My son is divorced and has lost custody of his children for reasons I won’t go into.  We adore our three grandkids and were very much a part of their lives while their parents were married.  It’s been over a year since we last saw them and their mother is making it extremely difficult for us to get together with them by cancelling plans, leaving on trips on our scheduled day to visit, etc.  The holidays are coming up, do we have any rights?                                                                        Grandparent Missing Kids

Grandparent visitation is authorized under a part of the Maryland code.  The statute says that a grandparent can petition a court for an award of reasonable visitation if the court finds that it is in the “best interest of the child” to grant visitation rights.  Unfortunately, that is not the only criteria, according to court decisions.  In late 2007, the highest Maryland court decided that this statute was unconstitutional unless there was also evidence and a court finding that the parents were unfit in some way or that some exceptional circumstances exist.  This proof is required to overcome the presumption in favor of the natural rights of custodial parents to decide who gets to visit with their children.  It is not enough that there is benefit to grandchildren visiting with their grandparents.  In June 2009, the court discussed what factors get considered in deciding the best interests of the child:

The nature and stability of the child’s relationships with its parents, the nature and substantiality of the relationship between the child and the grandparent, taking into account frequency of contact, regularity of contact and amount of time spent together, the potential benefits and detriments to the child and granting the visitation order, the effect, if any, grandparental visitation would have on the child’s attachment to its nuclear family, the physical and emotional health of the adults involved and the stability of the child’s living and schooling arrangements.
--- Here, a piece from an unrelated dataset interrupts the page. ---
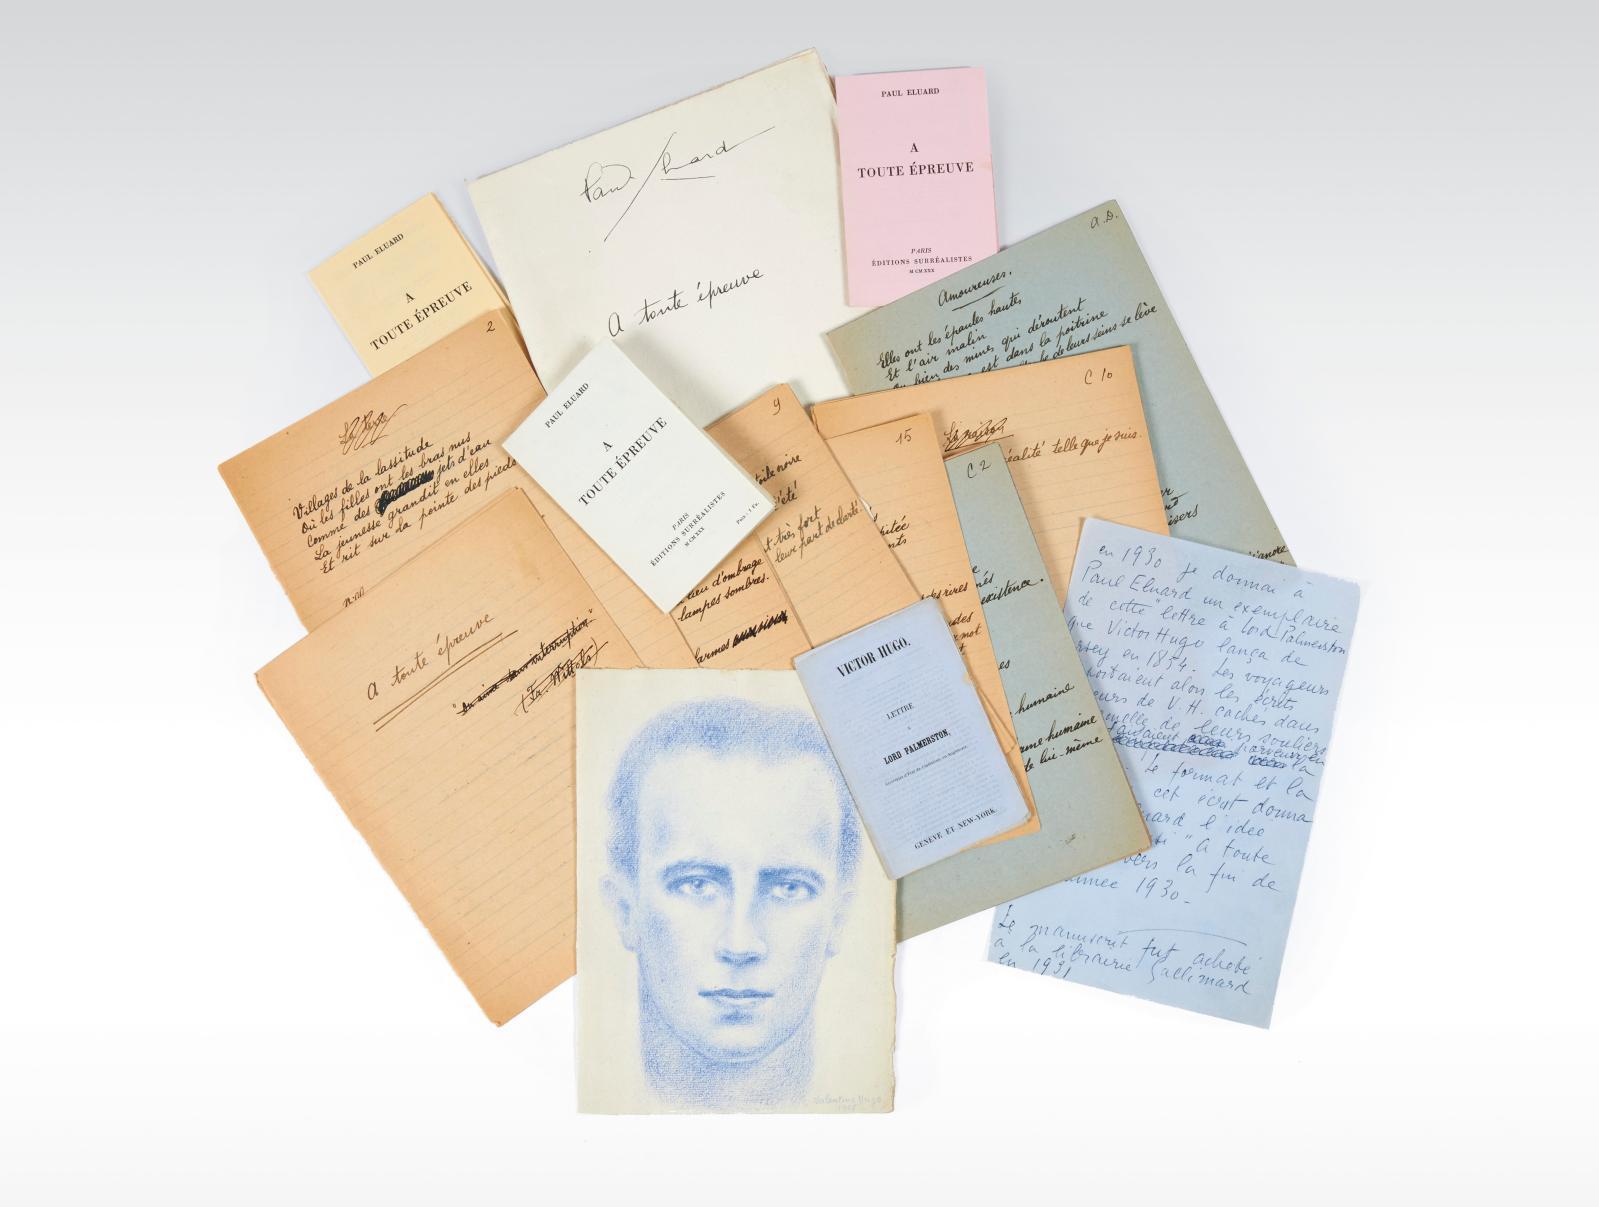 Paul Éluard (1895-1952). À toute épreuve. Paris, Éditions surréalistes, 1930, plaquette in-32, trois exemplaires tirés sur des papiers de

There are many other factors that the court is permitted to consider when determining the “best interest of the child.”  A judge has great latitude in what to consider.  Fitness or unfitness has been discussed by the courts in the context of child custody.  Here is summary of some of the considerations that address fitness:

Questions of parental fitness generally fall within the following categories: moral fitness; psychological or emotional fitness; prior conduct affecting the child’s physical, psychological and financial needs; and love and affection for the child including willingness and ability to care for the child. Although historically courts took a moralistic view in examining parental conduct, today such conduct seems to be considered only in light of its effect on the child. If a parent’s conduct is not found to adversely affect the child or diminish the quality of care a child receives, then a parent will, most likely, avoid being declared unfit. 26 U. Balt. L.F. 3, 5 (1995).

 

The courts have said that they will not predefine “exceptional circumstances.”  Instead, “exceptional circumstances” will be decided on a case-by-case basis, after analyzing all the factors before the court in the particular case.  Examples of “exceptional circumstances” have been discussed in other custody cases:

The factors which emerge from our prior decisions which may be of probative value in determining the existence of exceptional circumstances include the length of time the child has been away from the biological parent, the age of the child when care was assumed by the third party, the possible emotional effect on the child of a change of custody, the period of time which elapsed before the parent sought to reclaim the child, the nature and strength of the ties between the child and the third-party custodian, the intensity and genuineness of the parent’s desire to have the child, the stability and certainty as to the child’s future in the custody of the parent.  From Ross v. Hoffman.

In conclusion, unless the state legislature changes the law, you would have to show either that the parents are unfit or that there are exceptional circumstances that exist. If shown, then the court can evaluate what is in the best interests of the children.